Genre: Music, Historical Fiction, Literary Fiction
Narrative Style: Third person from a variety of points of view.
Rating: 2/5
Published: 2020
Format: Kindle
Synopsis: Utopia Avenue are a band put together by Levon Frankland. They are an unlikely bunch, mixing folk, psychedelic, rock and jazz influences. The novel follows their rise to fame and how they deal with their personal issues.
Time on shelf: Not very long. I’ve read four Mitchell novels before so I was excited to read this one.
Well, this was a disappointment. From very early on, it was clear that this was not going to be the usual Mitchell tour de force that I normally enjoy so much. The first character we are introduced to is Dean Moss, a gullible, uneducated bass player whose life is falling apart. Cue entrance of Levon Frankland who is putting a band together. They then proceed to pull together the other members of the band, all of whom are at crisis points in their musical careers. So far so predictable. The band suffer the usual setbacks in the start of their career – bad gigs, sinking singles and so on. Until, of course, things start to go well.
There isn’t much in the way of overarching story here. There is the story of the band and each of the members have a personal crisis. Dean had a troubled childhood with an abusive father, Elf Holloway thinks she may be gay but is unable to accept it (at least at first) and Jasper de Zoet has mental health issues. However, none of these things really have any momentum. There is no pace.

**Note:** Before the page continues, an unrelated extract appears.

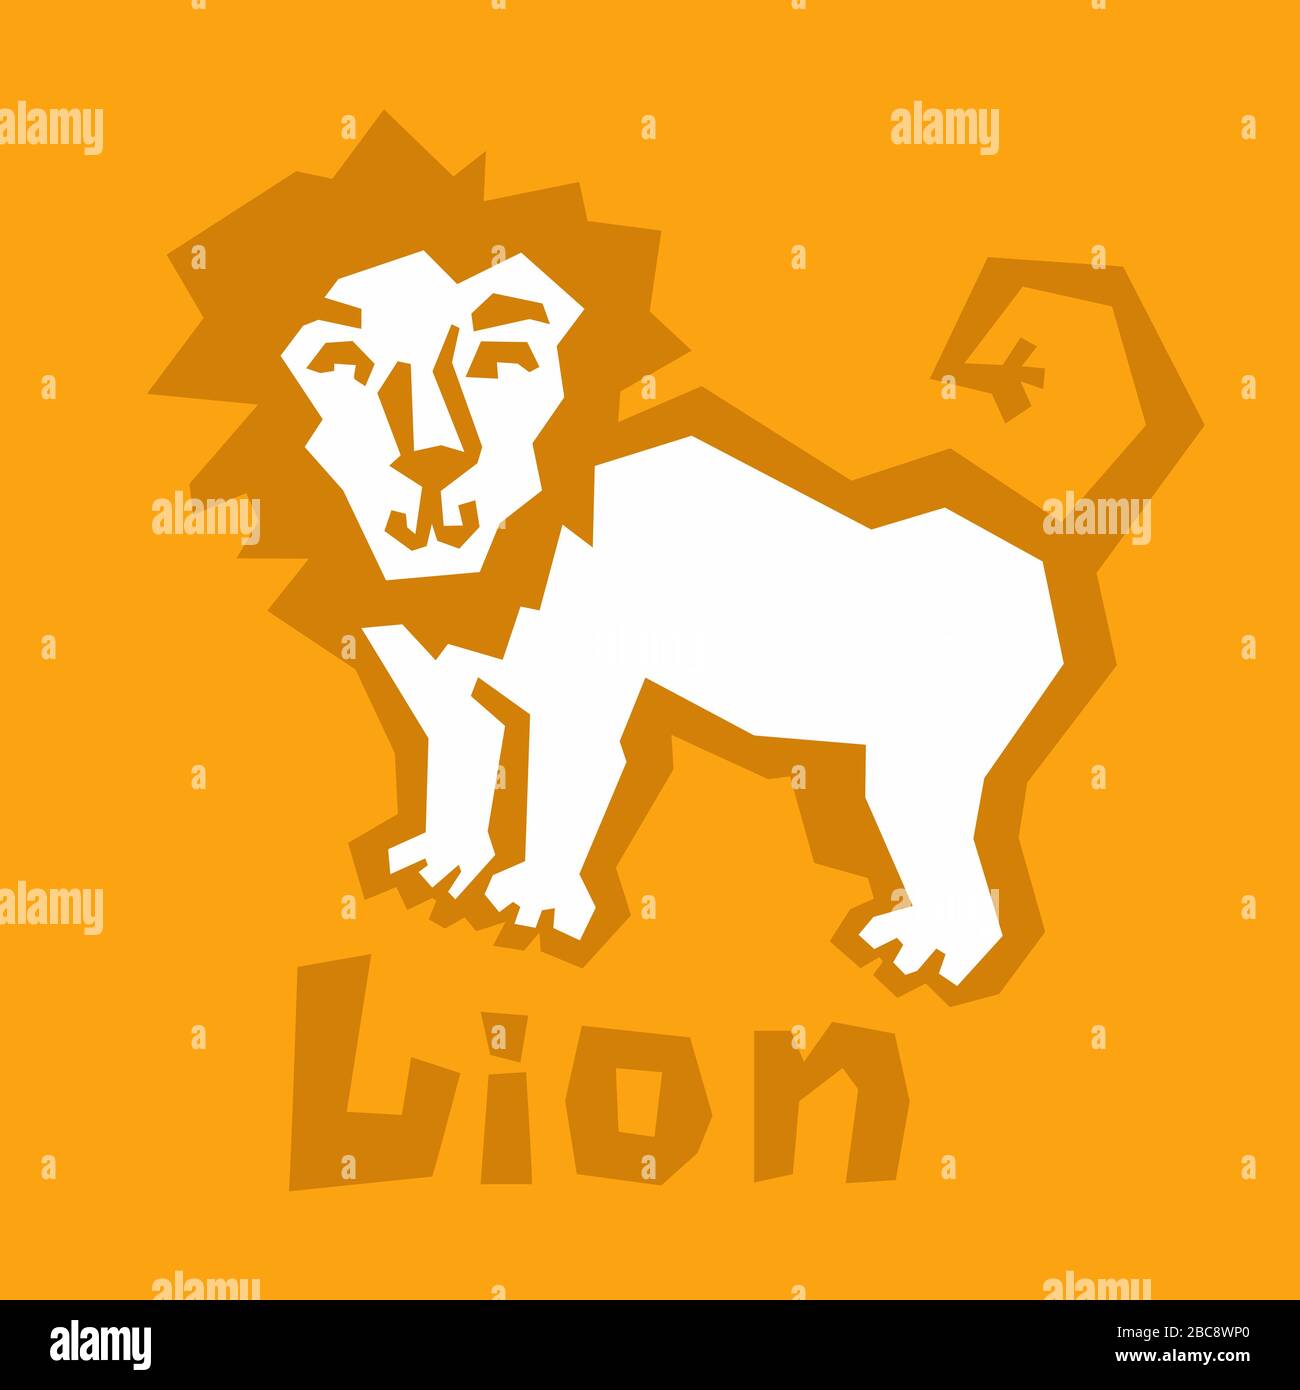 Lion cartoon character. Flat simple icon, line art style. Outline symbol, stylized image of a wild animal lion, leo. Stroke vector logo. Thick linear Stock Vector

In one chapter (the only one he gets) drummer, Griff is in a car crash which kills his brother. He doesn’t want to stay in the band. And then suddenly he is back in the band again. Because he gets no other chapters, we do not know his motivation. (Incidentally, Griff was a badly drawn stereotype of a Yorkshireman whose one trait was to say fook all the time. It made me question whether Mitchell had ever met someone from the North.)
The most interesting – and the most Mitchell like – of these storylines is Jasper’s. He has an interloper in his head who wants control of his body and briefly gains it. This is more like the Mitchell we all know and love and is the sole reason this didn’t get one star. Jasper is cured by horology, one of Mitchell’s trademark ideas. This is the only part of the story that isn’t straightforwardly realistic. I could have stood a bit more of it.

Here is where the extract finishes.